The psychedelic pop band led by Tim DeLaughter (who also founded the The Polyphonic Spree) has a name that perfectly captures the vibe of both their music and and videos, such as “I Got a Girl.” Spacy. Mind-bending. A little disorienting. There’s probably a more fitting word, but we can’t remember it right now.

Venadryl

The Quenlan-based death metal band’s name sounds like benadryl, a medicine that treats pain and itching but sometimes causes nausea and drowsiness. The last thing Vendryl will do, however, is make you sick or put you to sleep. Perhaps that’s why they changed a letter to differentiate themselves.

Velvet Love Box

This Dallas band claims to have taken their name from “a TV covered in fur.” We tried to find the TV they were talking about, but no dice. No matter, though. They’ve been around since 1997, so it makes sense for the title to solely belong to them at this point.

MC 900 Ft.

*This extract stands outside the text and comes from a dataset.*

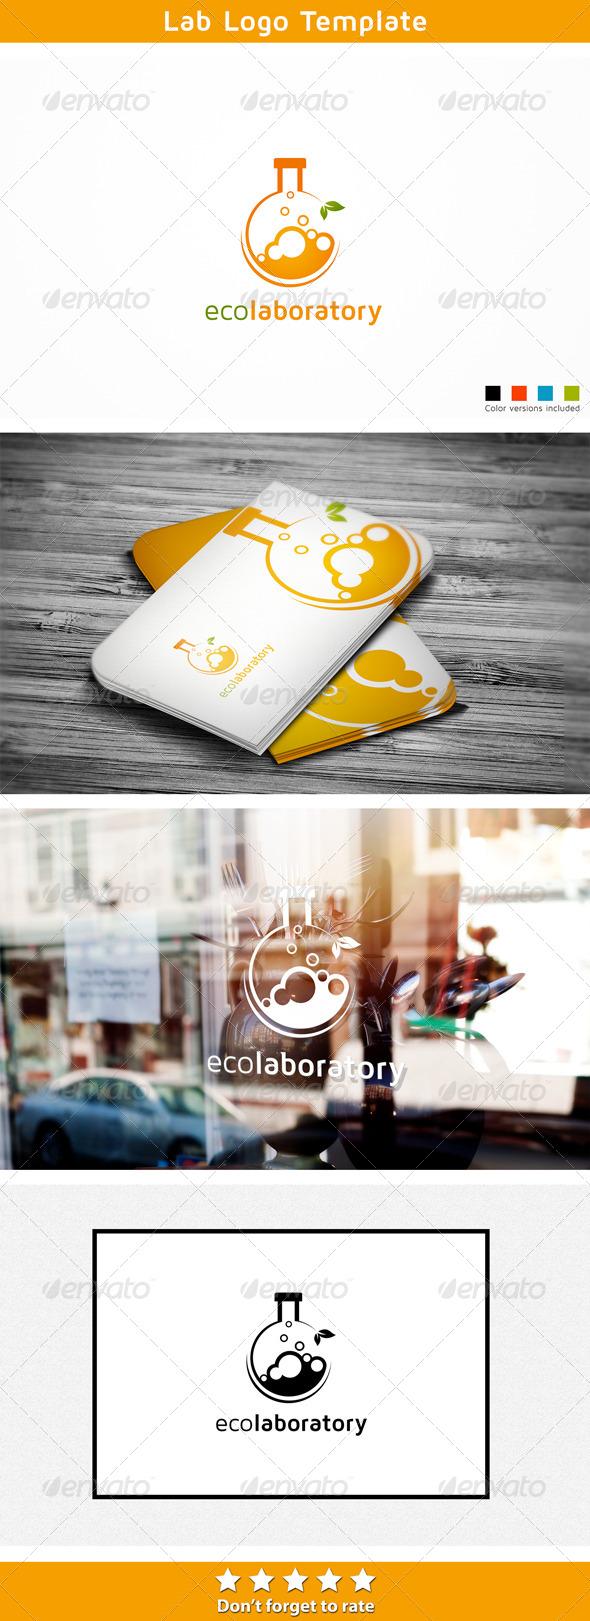 GraphicRiver Lab Logo Template 6007833

Jesus

Son of God? More like the son of Godzilla. The Dallas-based musician and rapper, whose real name is Mark Griffin, derives his moniker from an Oral Roberts sermon where the televangelist claimed that Jesus Christ, who is apparently 900 feet tall, came to him in a vision and told him to build a hospital on the campus of Oral Roberts University. We imagine that many who have been wasted on vacation in Brazil have had a similar interaction with that Christ the Redeemer statue.